Image caption generation is the problem of generating a descriptive sentence of an image. The fact that humans (e.g you) can do this with remarkable ease makes this a very interesting/challenging problem for AI, combining aspects of computer vision (in particular scene understanding) and natural language processing.
We load the VGG model in Keras using the VGG class. We will remove the last layer from the loaded model, as this is the model used to predict a classification for a photo. We are not interested in classifying images, but we are interested in the internal representation of the photo right before a classification is made. These are the “features” that the model has extracted from the photo.Then we feed these extracted features along with the words generated at each iteration to a LSTM network which generates captions.

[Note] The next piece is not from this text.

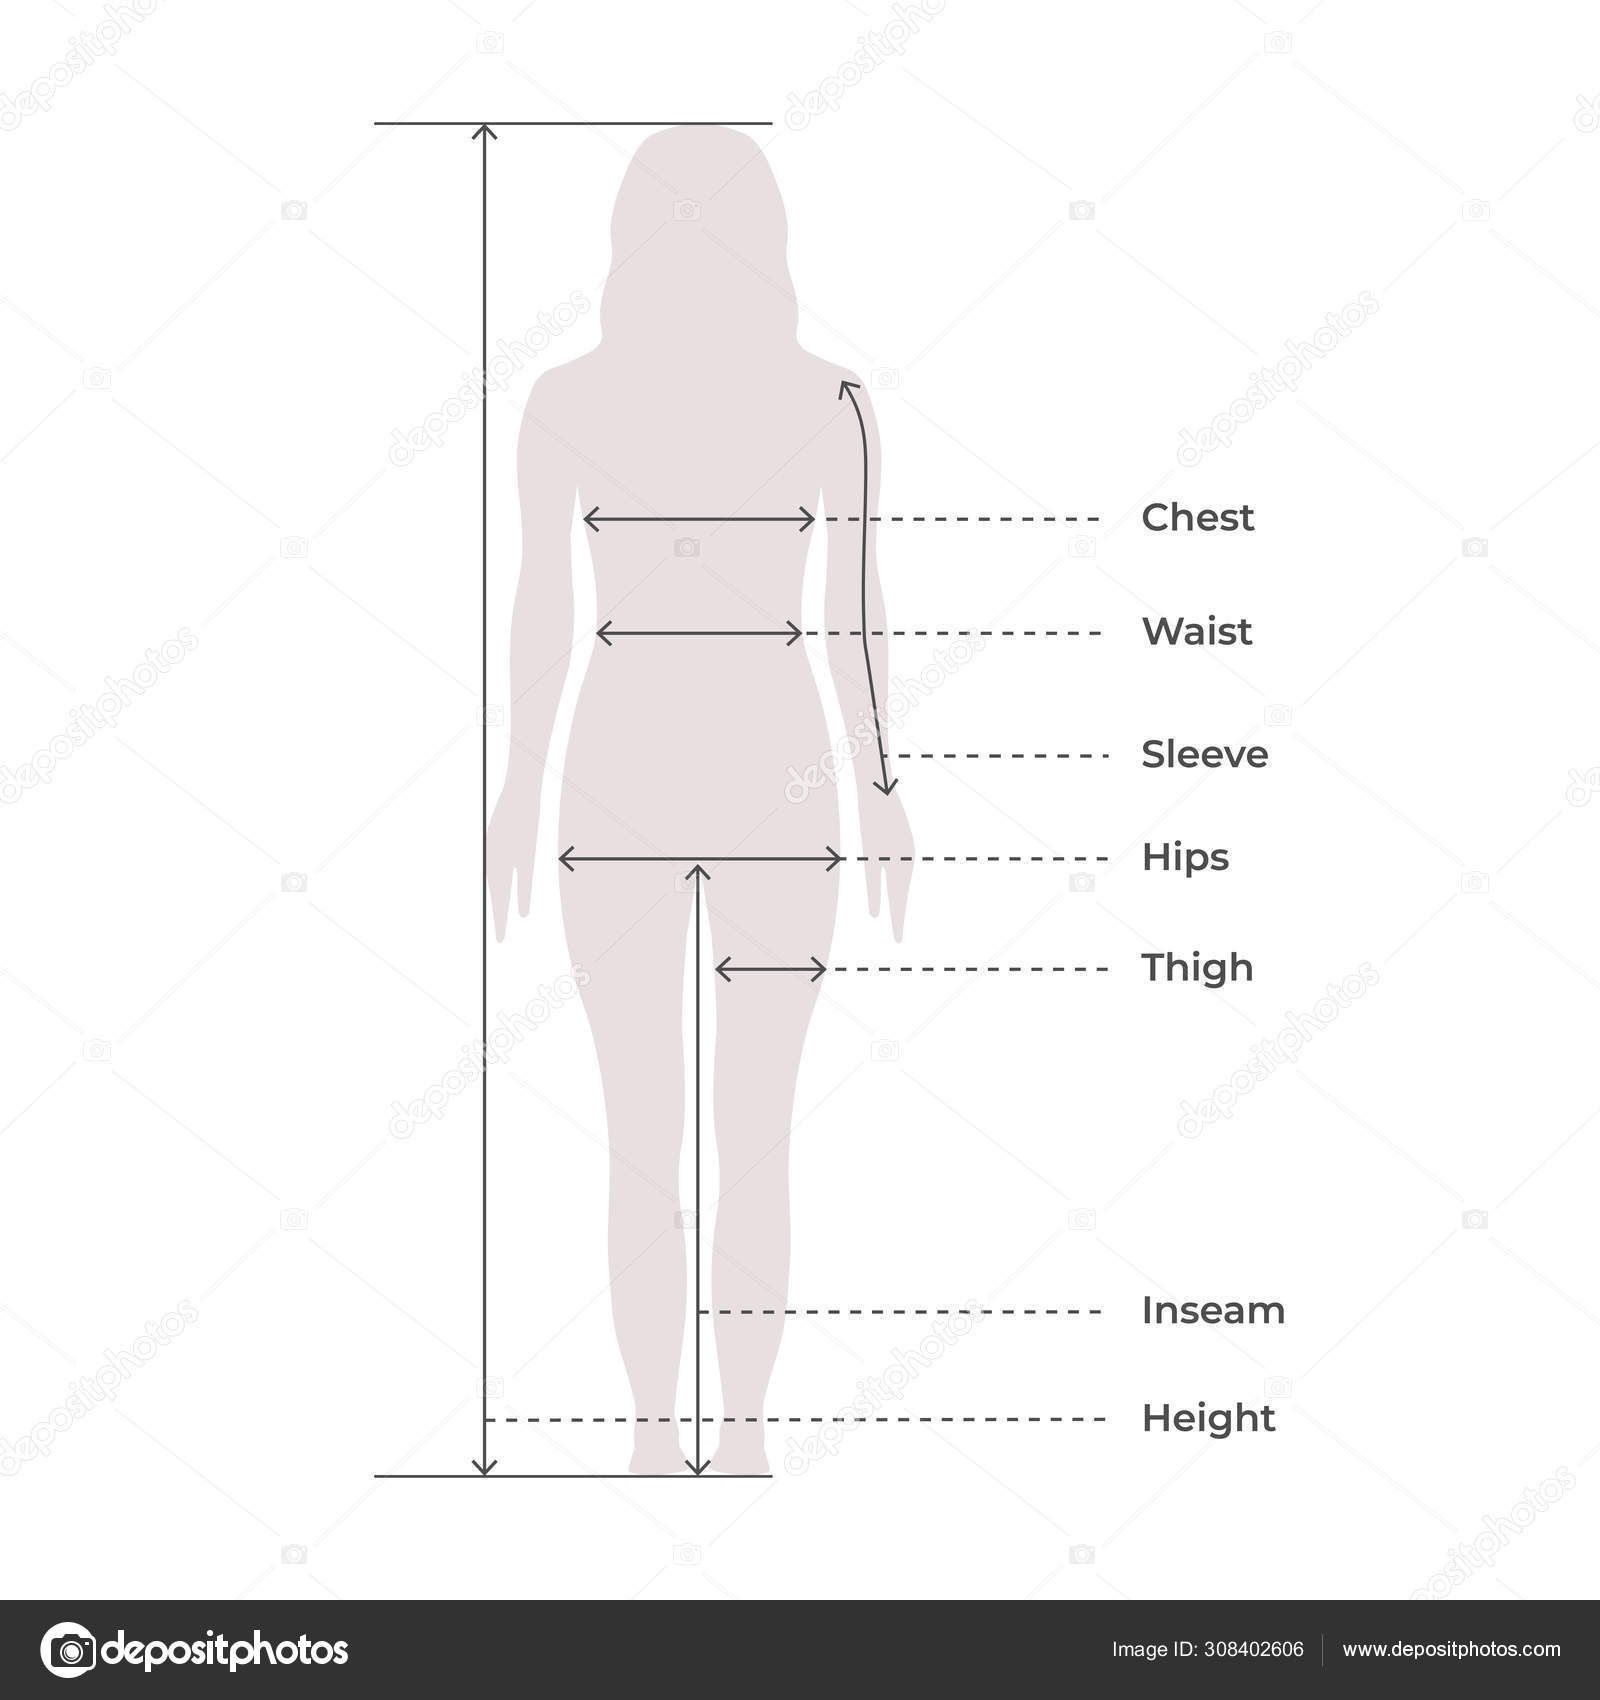 Body Measurements Template from st4.depositphotos.com

The dataset is available for free. You must complete a request form and the links to the dataset will be emailed to you.
You can use the link below to request the dataset:
Within a short time, you will receive an email that contains links to two files:
Flickr8k_Dataset.zip (1 Gigabyte) An archive of all photographs. Flickr8k_text.zip (2.2 Megabytes) An archive of all text descriptions for photographs. Download the datasets and unzip them into your current working directory. You will have two directories:
Flicker8k_Dataset: Contains 8092 photographs in JPEG format. Flickr8k_text: Contains a number of files containing different sources of descriptions for the photographs. The dataset has a pre-defined training dataset (6,000 images), development dataset (1,000 images), and test dataset (1,000 images).
- Python
- Tensorflow
- Keras
- NLTK
- Pickle
I would recommend atleast 8 Gigs of RAM when you run it on your local machine.
If you have GPU make use of the Progressive Model which is included.